-
Notifications
You must be signed in to change notification settings - Fork 2
transform non numerical labels to numerical labels with LabelEncoder
- examples of features using non numerical labels
- converts non-numerical labels to numerical labels with LabelEncoder
read the titanic dataset
>>> import pandas as pd
>>> df = pd.read_csv("titanic.csv")
>>> df.shape
(891, 15)
>>> df.columns
Index(['survived', 'pclass', 'sex', 'age', 'sibsp', 'parch', 'fare','embarked', 'class', 'who', 'adult_male', 'deck', 'embark_town', 'alive', 'alone'], dtype='object')
see all the data types
sex, embarked, class, who, deck , embark_town and alive use strings (object datatype)
>>> df.dtypes
survived int64
pclass int64
sex object
age float64
sibsp int64
parch int64
fare float64
embarked object
class object
who object
adult_male bool
deck object
embark_town object
alive object
alone bool
dtype: object
select all columns except the ones having string datatype
>>> df.select_dtypes(exclude ='object').head(3)

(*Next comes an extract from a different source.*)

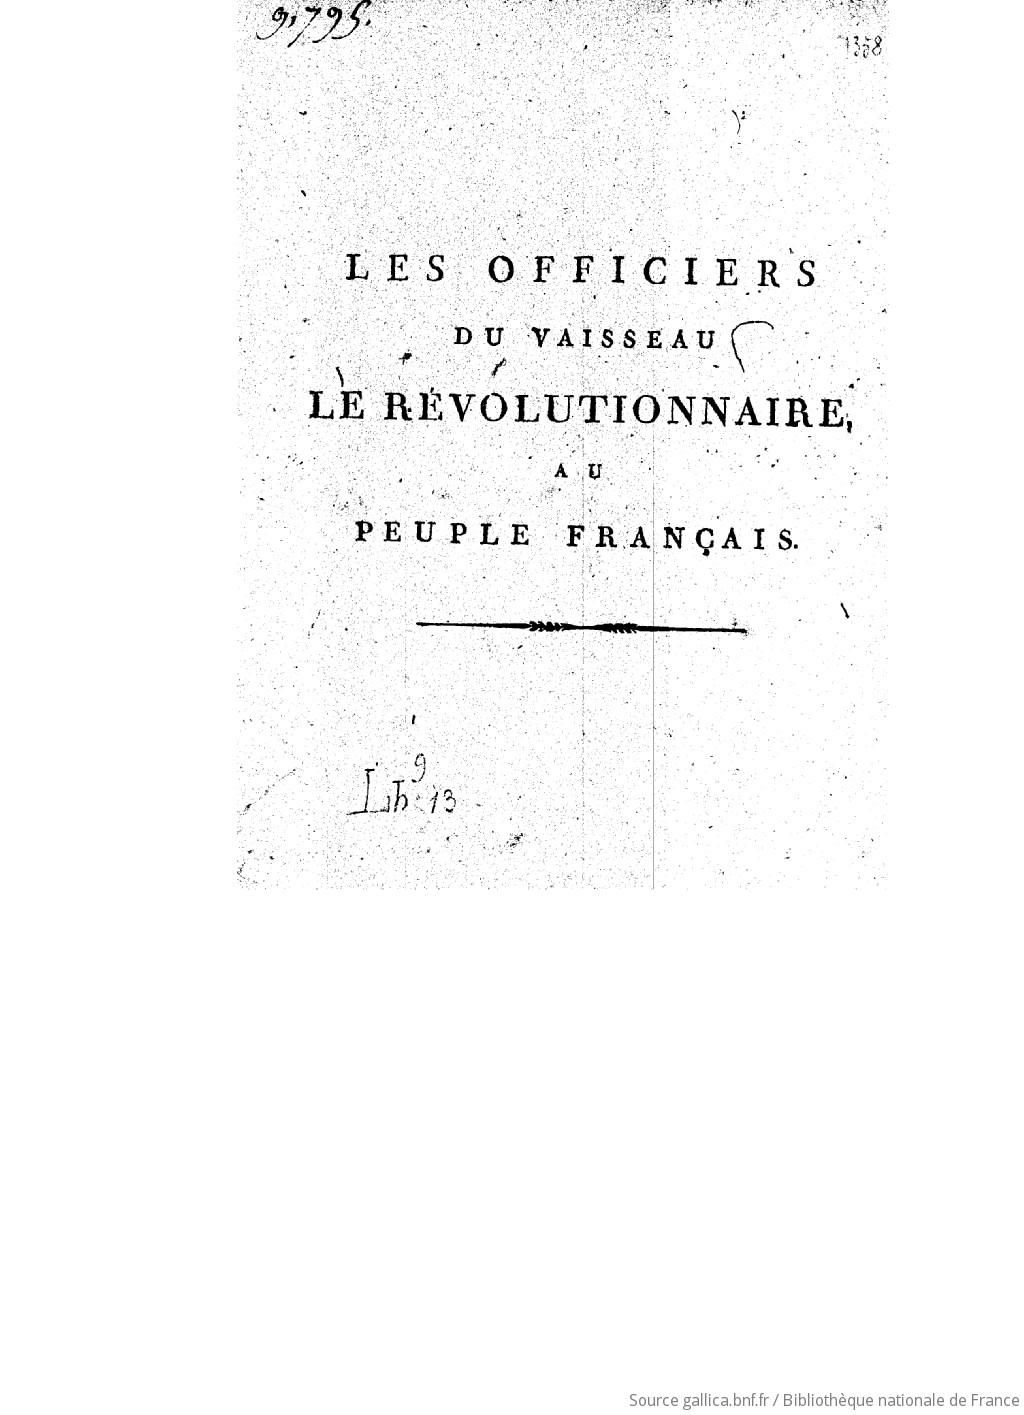 Les officiers du vaisseau Le Révolutionnaire au peuple français ([Reprod.]) / [signé Dorré,... Dumoncelle,... Nestout,... [et al.] |

survived pclass age sibsp parch fare adult_male alone
0 0 3 22.0 1 0 7.2500 True False
1 1 1 38.0 1 0 71.2833 False False
2 1 3 26.0 0 0 7.9250 False True
select all columns having string datatype
>>> df.select_dtypes(include ='object').head(3)
sex embarked class who deck embark_town alive
0 male S Third man NaN Southampton no
1 female C First woman C Cherbourg yes
2 female S Third woman NaN Southampton yes
select all columns having bool datatype
>>> df.select_dtypes(include ='bool').head(3)
adult_male alone
0 True False
1 False False
2 False True
LabelEncoder is an encoder available in the SciKit python library.

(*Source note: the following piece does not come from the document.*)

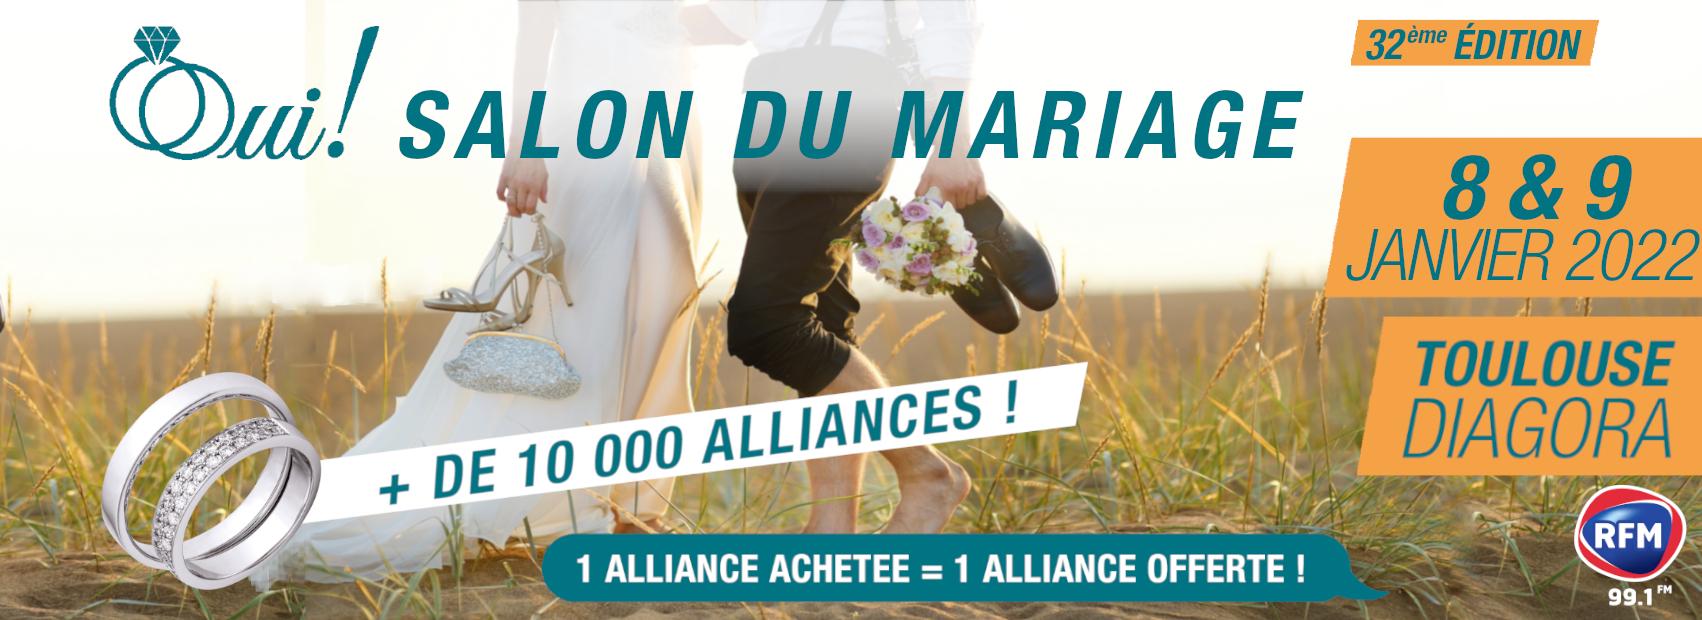 32ème édition du Salon du Mariage de Toulouse Diagora, 8&9 janvier 2022

It converts non-numerical labels (text) to numerical labels (integers), which machine learning algorithms can better understand.
It encodes labels with value between 0 and N-1.
let's consider the following data:
country
0 Germany
1 Germany
2 Spain
3 France
4 Germany
LabelEncoder converts non-numerical labels to numerical labels.
The 3 countries are replaced by the numbers 0, 1, and 2.
country
0 1
1 1
2 2
3 0
4 1
Example
import the preprocessing package from sklearn
>>> from sklearn import preprocessing
instanciate the class LabelEncoder
>>> le = preprocessing.LabelEncoder()
apply the method fit to fit the instance of labelencoder
>>> le.fit(["France", "Spain", "France", "Germany", "Germany", "Germany"])
LabelEncoder()
there are 3 classes
>>> le.classes_
array(['France', 'Germany', 'Spain'], dtype='<U7')
>>> list(le.classes_)
['France', 'Germany', 'Spain']
apply the method transform to the instance of labelencoder class. this will encode labels
>>> le.transform(['Germany', 'Germany', 'Spain', 'France', 'Germany'])
array([1, 1, 2, 0, 1])
>>> list(le.transform(['Germany', 'Germany', 'Spain', 'France', 'Germany']))
[1, 1, 2, 0, 1]
apply the method inverse_transform to the instance of labelencoder class to get the original encoding
>>> le.inverse_transform([2, 2, 1])
array(['Spain', 'Spain', 'Germany'], dtype='<U7')
>>> list(le.inverse_transform([2, 2, 1]))
['Spain', 'Spain', 'Germany']
The problem with LabelEncoder is that there are different numbers in the same column.
So the algorithm might conclude Spain (2) > Germany (1) > France (0) ...
Also if your algorithm internally calculates the average, let's say for Spain (2) and France (0) it will get (2 + 0)/2=1 this would mean the average of Spain (2) and France (0) is Germany (1) ...
To overcome this problem, we use OneHotEncoder instead of LabelEncoder.